Isabelle looked down at the people around her. Interesting, she thought, what a difference a few feet made; she could see them all so much more clearly from up here. Her Rory had gone quiet, Abby's body practically sending off sparks in his direction; Tom and Lillian hid on opposite sides of the throne, looking at anything but each other. Chloe was walking next to Al, laughing at some joke he had told, actively ignoring Finnegan. They were like ingredients that had become chemically incapable of mixing with each other, or perhaps had simply forgotten how, when she knew it wasn't the case and didn't need to be. Didn't they realize that a day like today, this ritual that Al had found, was more about all of them than it could ever be about her?

She wanted to tell them, but as she started to speak, she spotted a woman she thought she should recognize, standing on the sidewalk, staring at Chloe and Al with such hostility that Isabelle had to look away. When she looked back, the woman was gone.

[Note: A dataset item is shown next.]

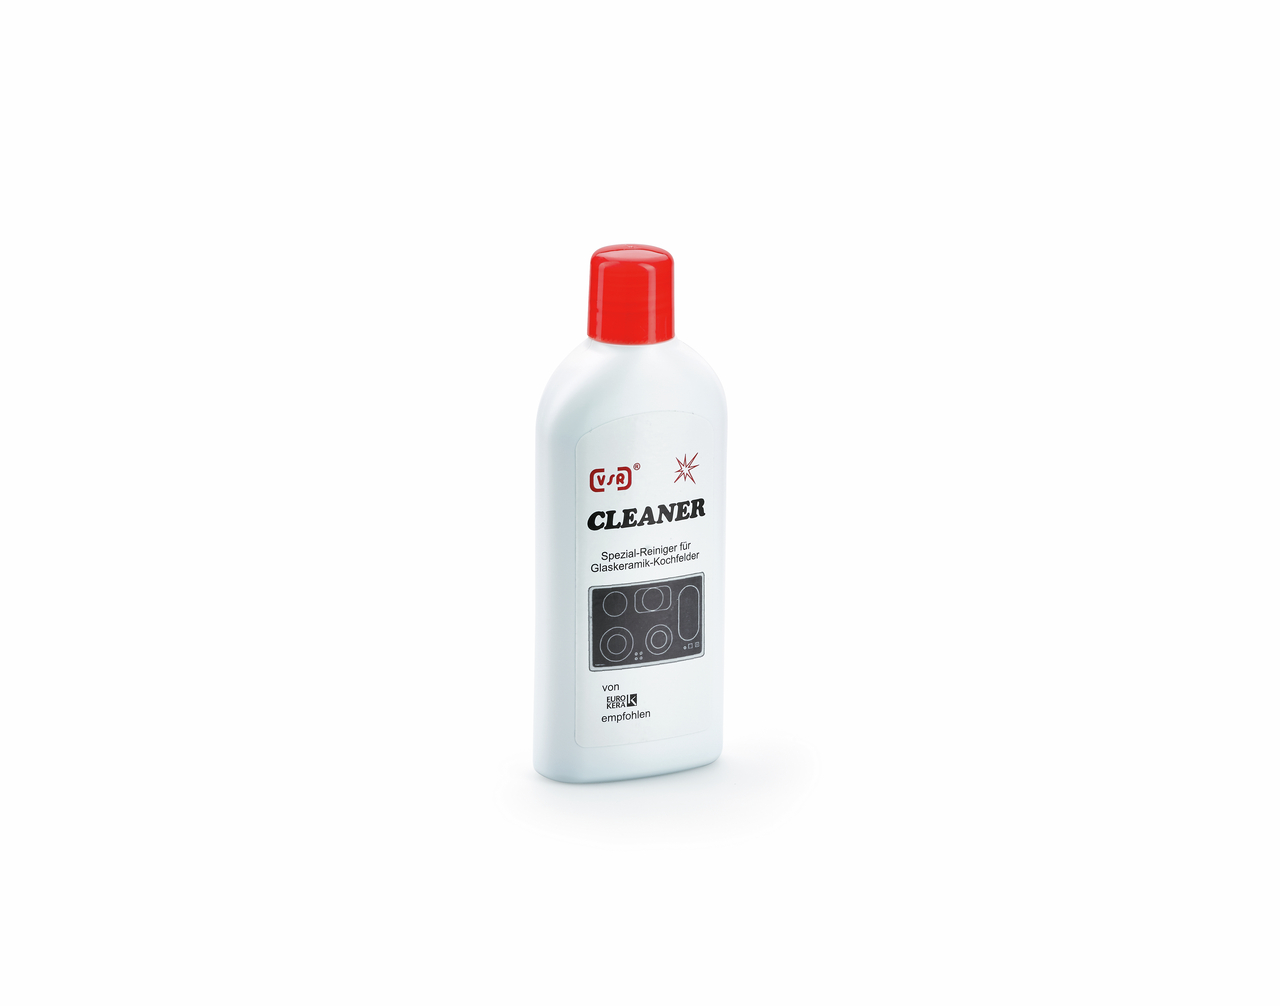  Ceramic stove top cleaning agent CLEANER, 200 ml

Who was she? Isabelle wondered. She knew she should know, but it was the anger she recognized more than the woman, and it sideswiped her into memories. Edward introducing his secretary like a prize he'd won at the county fair. Edward coming home from work and propping himself against the kitchen doorway, his eyes taking in the scene in front of him as if he was the manager of a corporation with one employee, her, and a raise was not forthcoming. She would feel his scrutiny and think of her day, the children roiling around her like a sea of eels, the housework piling up into towers, the way she had managed to settle the water, turn it all into a sweet domestic scene before his arrival so he would find a calm and lovely wife wearing makeup and a neat, trim dress in the kitchen preparing his meal.

She hadn't even known how much she'd hated it until he was gone. The day the divorce was finalized, she had wandered through the uninhabited rooms of their home and realized that every memory of her children was still being filtered through Edward's eyes. It wasn't until the house was sold and she was on the road that she could feel her love for her children, her life, flowing through her like a clean, cool river.

She looked down at Rory and Abby, each holding up one of the front rails. Her children.

It was going to be hardest on Abby, what was coming. For all that Abby had yearned to be a grown-up when she was a child, the aspects of adulthood that she seemed to treasure most, ironically, were the ones that held her to the ground instead of letting her go. Abby was truly comfortable only when she could contain and shape a memory, a plan in her own hands. She held on so tightly to an idea of family that she often overlooked the people within her own.

More than once, Isabelle had envisioned herself as a balloon in Abby's life, helping to lift her daughter off the ground she clung to so desperately, although Isabelle doubted her daughter saw the value in this. But now Isabelle wondered, as she sat on the jostling chair—what would happen if there were no balloon pulling her daughter upward? Perhaps gravity might seem less attractive if it wasn't helping you hold something else to the earth. Perhaps you could simply, finally, let go.